Suppose we are given a set of points $S=\{x_i\}_{i=1,...,n}$ with $x_i\in\mathbb{R}$ and $x_i<x_{i+1}$. We define a cluster to be a chain of points in $S$ where the distance between consecutive points is less than one, i.e. $x_{i+1}-x_i < 1$. Suppose that $k$ points ($0\leq k < n$) have been removed at random, but that we do not know which points these were. What is the probability distribution $\mathrm{P}(m|k,S)$ of the number of clusters $m$ in the set of remaining points?
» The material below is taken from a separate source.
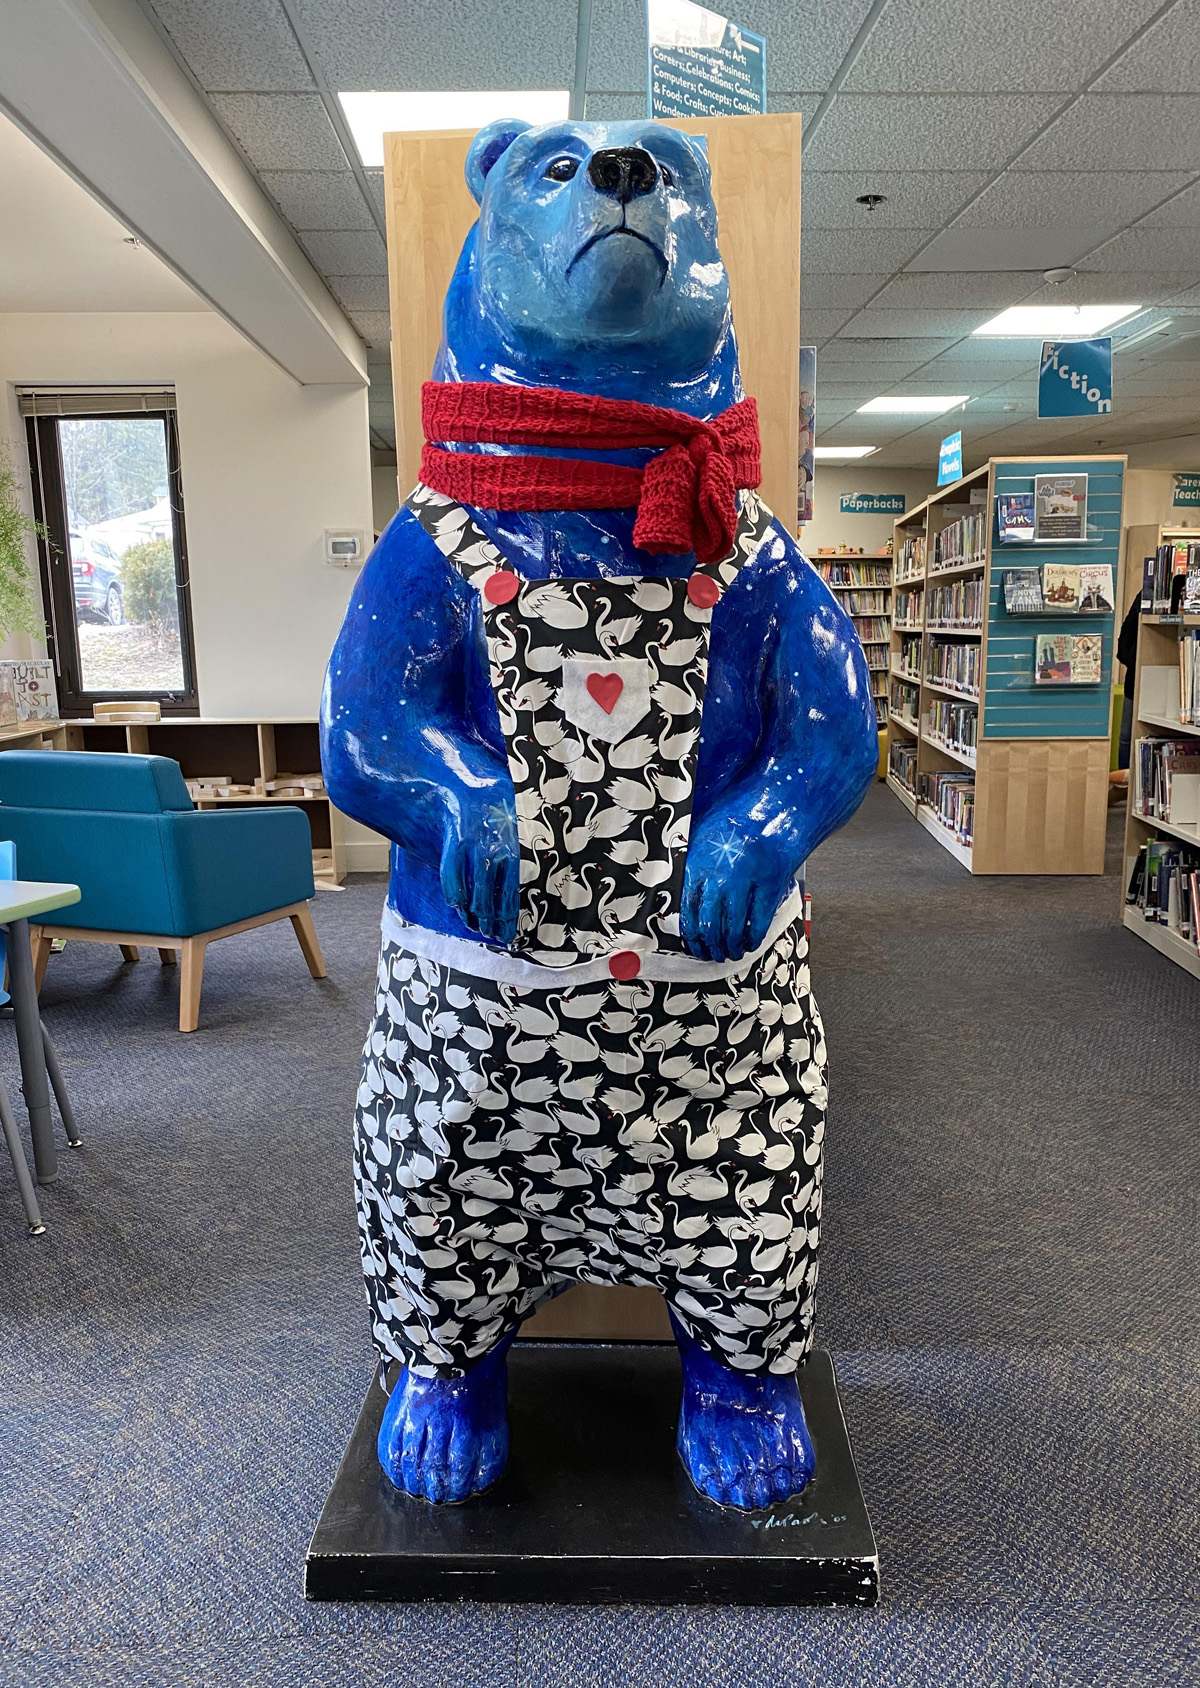 Blue bear sculpture decorated with Valentine's outfit
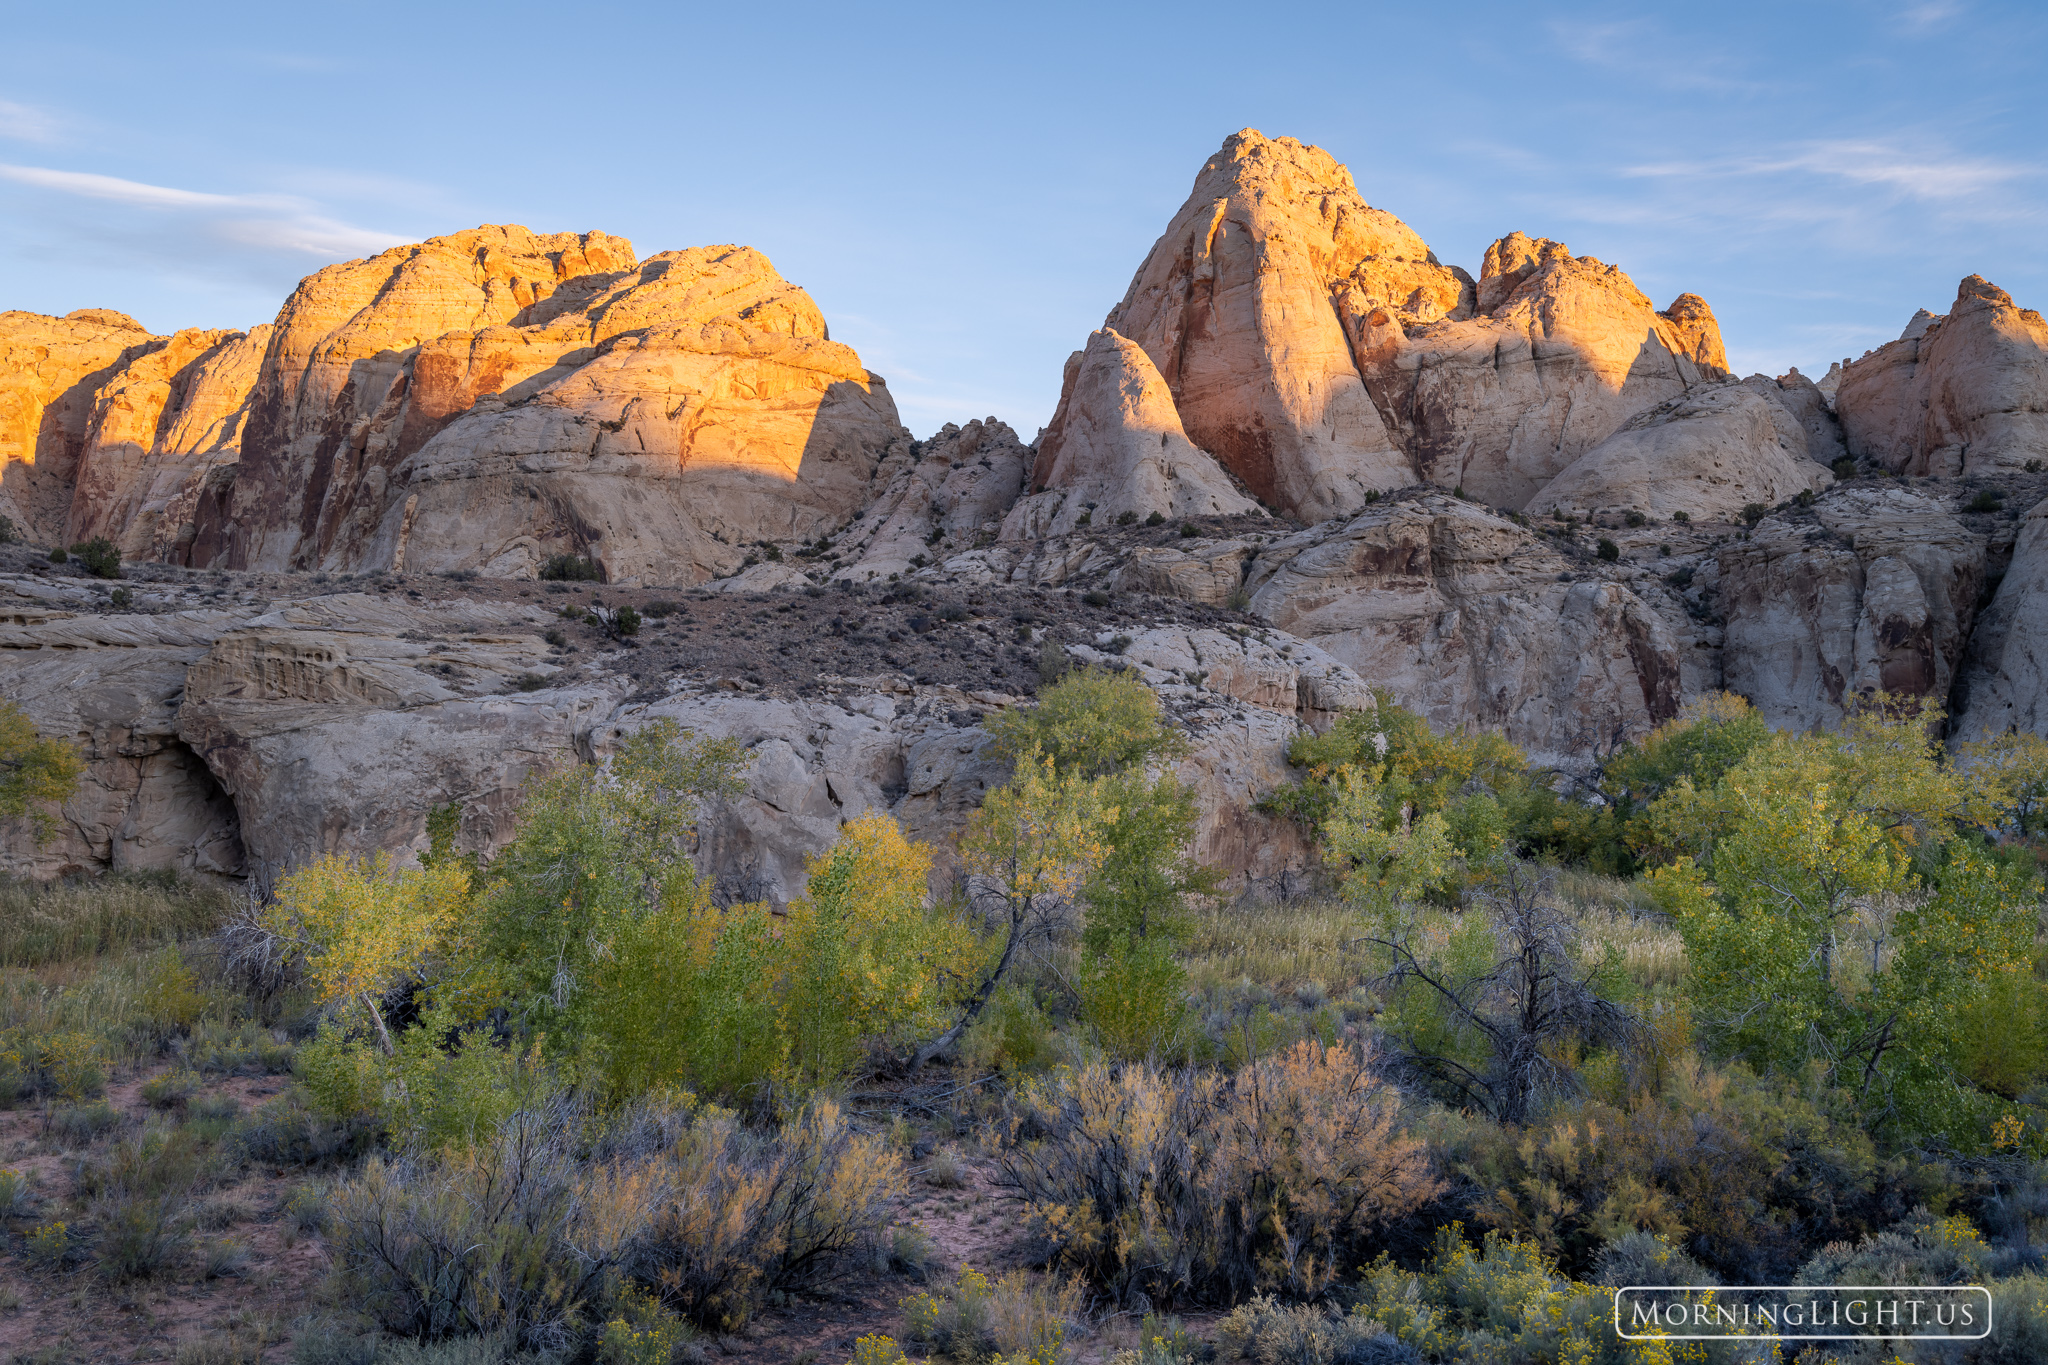 The leaves were just beginning to turn in Capitol Reef National Park, but even in the early stage of autumn, they added a real...

Is there a way to compute this probability without simply trying every subset of $n-k$ points? All points are equally likely to be removed.
My progress so far:
Consider the pairwise distance matrix $\mathbf{D}$ with elements $D_{i,j}=x_i-x_j$. The number of clusters can be simply calculated as one plus the number of elements on the first diagonal that are greater than one. The act of removing point $x_j$ is equivalent to deleting row $j$ and column $j$ of $\mathbf{D}$. I have created an illustration of this abstraction here, where I show the pairwise distance matrix of twenty points with every cell coloured by whether it is less than (blue) or greater to one (red). The inset shows the twenty points, coloured by which cluster they belong to. By looking at the number of red cells on the first diagonal (and adding one), we can see that there are four clusters. I think this abstraction is useful, because we can immediately see that points $\{6,7,8,9\}$ are in an indivisable cluster, i.e. all the points are within a distance of one of each other. We can also see that the cluster $\{1,2,3,4\}$ would split in two if either points 2 or 3 were removed. Splitting a cluster can be re-expressed as removing row-and-column pairs such that a red cell moves onto the first diagonal, but note that cell $(i+n,i)$ can only end up on the first diagonal if points $i+1,...,i+n-1$ are removed. I'm now trying to use this puzzle to build intuition for the problem above.